Kanal24, Malang — Dalam gelaran Hear & Heal 2025 yang berlangsung pada Senin (02/06/2025), Ns. Muhammad Sunarto, S.Kep., M.Kep., Sp.Kep.J., hadir sebagai salah satu pemateri yang mengangkat isu krusial terkait stigma sosial terhadap korban kekerasan, khususnya perempuan, dan pentingnya membangun ruang aman dan inklusif di lingkungan kampus.
Sunarto menekankan bahwa akar permasalahan kekerasan seringkali bukan hanya pada tindakan kekerasannya semata, tetapi juga pada dampak sosial yang mengikuti setelahnya. “Seringkali korban kekerasan mendapatkan stigma dari lingkungan. Misalnya, ‘ya habis kamu sendiri yang berpakaian begitu’, atau ‘itu kan salah kamu sendiri’. Pernyataan-pernyataan seperti ini membuat korban merasa lebih takut bicara karena dampak sosial yang mereka hadapi lebih buruk dari kekerasan itu sendiri,” jelasnya.
Baca juga:
Visiting Profesor, FK UB Kolaborasi Global Hadapi Tantangan Kulit Dunia

Stigma dan pelabelan terhadap korban dinilainya menjadi penghambat utama dalam penanganan kasus kekerasan. Alih-alih mendapat dukungan, korban justru menghadapi tekanan psikologis lanjutan. Oleh sebab itu, Sunarto menyerukan pentingnya kampanye penghapusan stigma dan pelabelan negatif.
Prioritaskan Layanan Psikologis
Dalam menangani korban kekerasan, Sunarto menegaskan pentingnya mengedepankan pendekatan psikologis terlebih dahulu sebelum langkah lainnya. “Ketika seseorang mengalami kekerasan, jangan langsung melakukan asesmen atau menyudutkan mereka dengan pertanyaan. Berikan dulu layanan psikologis agar mereka merasa nyaman dan tenang,” ujar dosen keperawatan jiwa ini.

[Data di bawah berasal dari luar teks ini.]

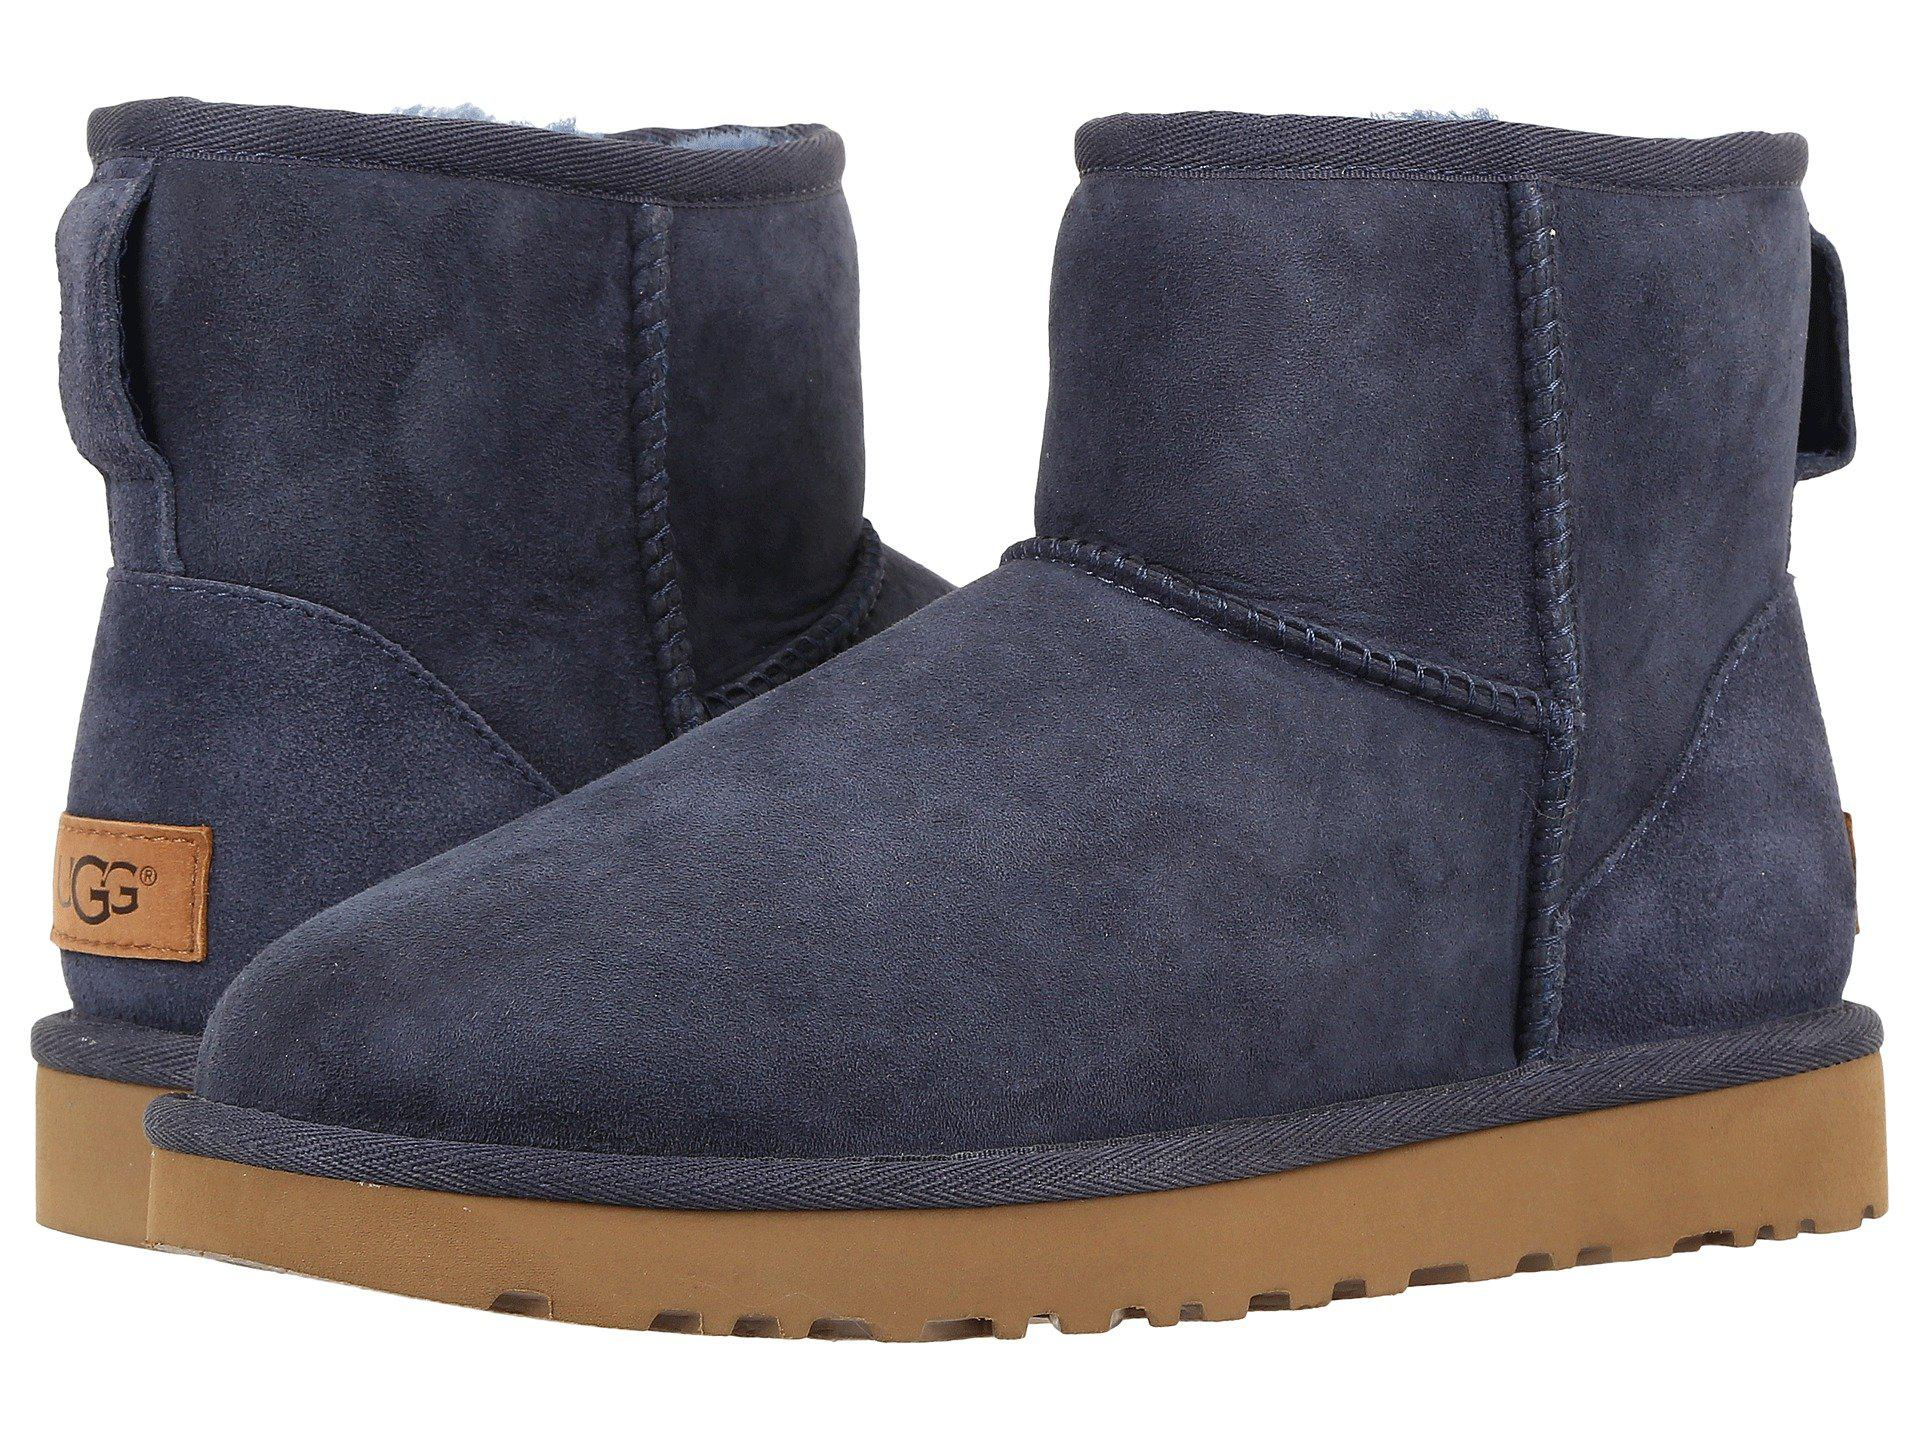 debe3365e01 Lyst - UGG Classic Mini Ii (boadacious Pink) Women's Boots in Blue ...

Pendekatan tersebut, lanjutnya, akan membantu korban merasa aman untuk mulai membuka diri. “Kita bantu mereka berdamai dengan situasi, bukan berdamai dengan pelaku. Memberi rasa nyaman ini penting agar mereka bisa melanjutkan aktivitas akademik maupun sosialnya dengan lebih baik,” imbuhnya.
Bangun Ruang Aman dan Inklusif
Sunarto menyampaikan bahwa semua pihak harus terlibat dalam menciptakan kampus yang inklusif dan aman, tidak hanya bagi perempuan, tetapi bagi semua individu tanpa terkecuali. Menurutnya, kampanye dan sosialisasi harus terus dilakukan agar ruang untuk berbicara terbuka lebar.

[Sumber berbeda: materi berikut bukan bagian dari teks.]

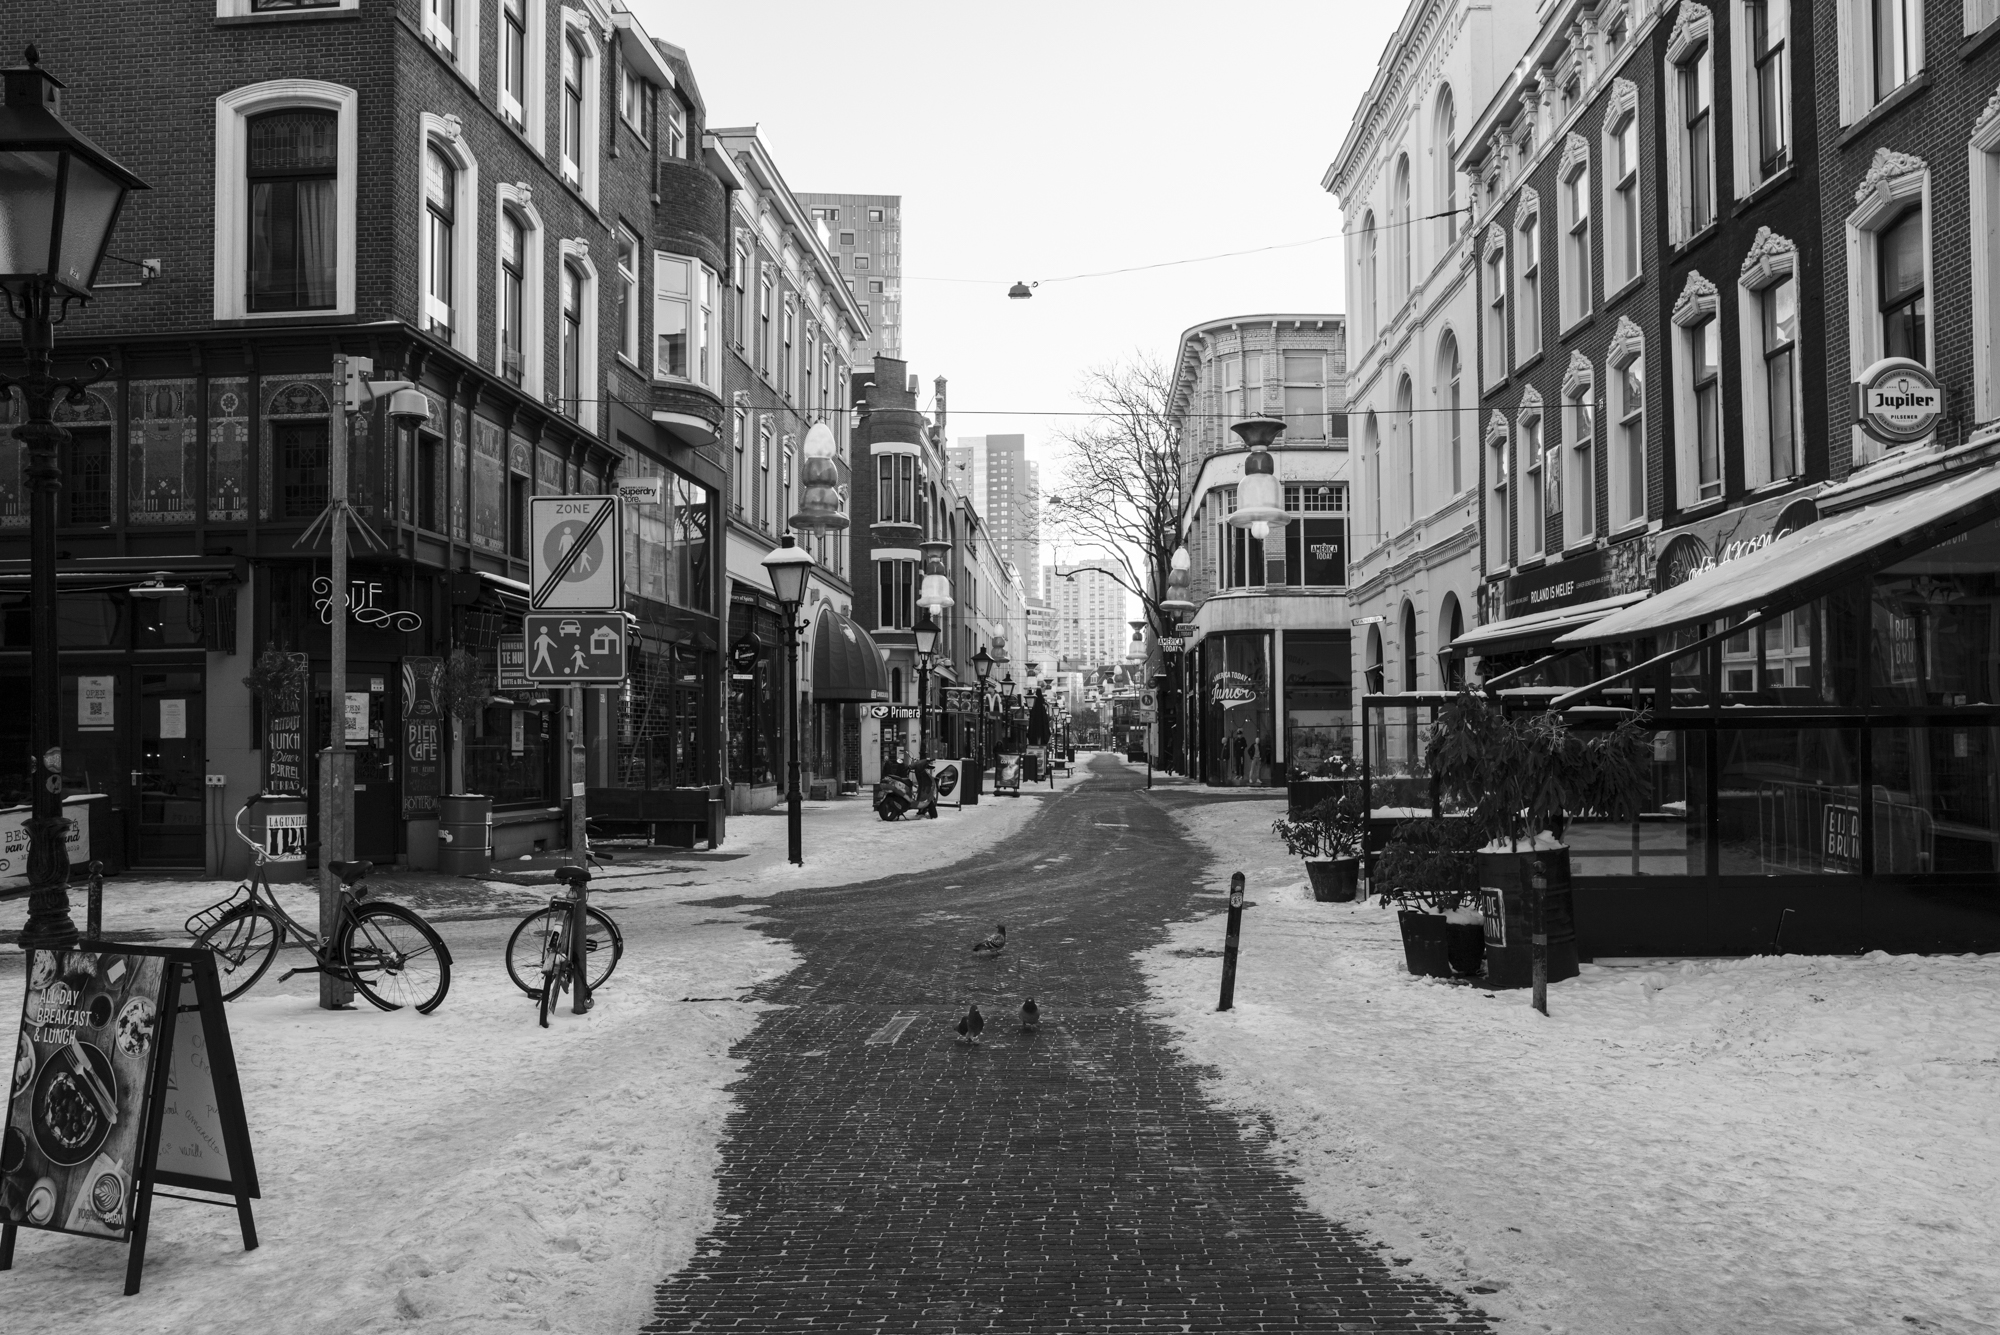 © Peter Janssen (The Netherlands) | Silence has taken over

“Kita harus membangun ruang aman, di mana setiap orang merasa nyaman untuk menyampaikan perasaannya tanpa takut dihakimi. Ini soal inklusivitas. UB harus menjadi rumah yang aman untuk semua mahasiswa, dosen, dan tenaga pendidik,” tegasnya.
Dengarkan Tanpa Menghakimi
Dalam sesi pemaparan yang disambut antusias oleh peserta, Sunarto juga menekankan pentingnya menjadi pendengar yang baik. Ia mengajak semua sivitas akademika untuk “memasang telinga”, yakni benar-benar mendengarkan pengalaman korban tanpa memberi komentar atau menyebarkan cerita.
Baca juga:
Terobosan Limbah Telur Tingkatkan Ekonomi Desa
“Kita punya dua telinga dan satu mulut. Artinya, dengarkanlah dua kali lebih banyak daripada kita berbicara. Jika ada teman yang bercerita, dengarkan tanpa mengomentari, jangan bertanya terlalu dalam, dan jangan bocorkan ceritanya. Jika perlu, bantu arahkan ke lembaga atau tim profesional seperti WTKSP fakultas atau PPKT universitas,” jelasnya.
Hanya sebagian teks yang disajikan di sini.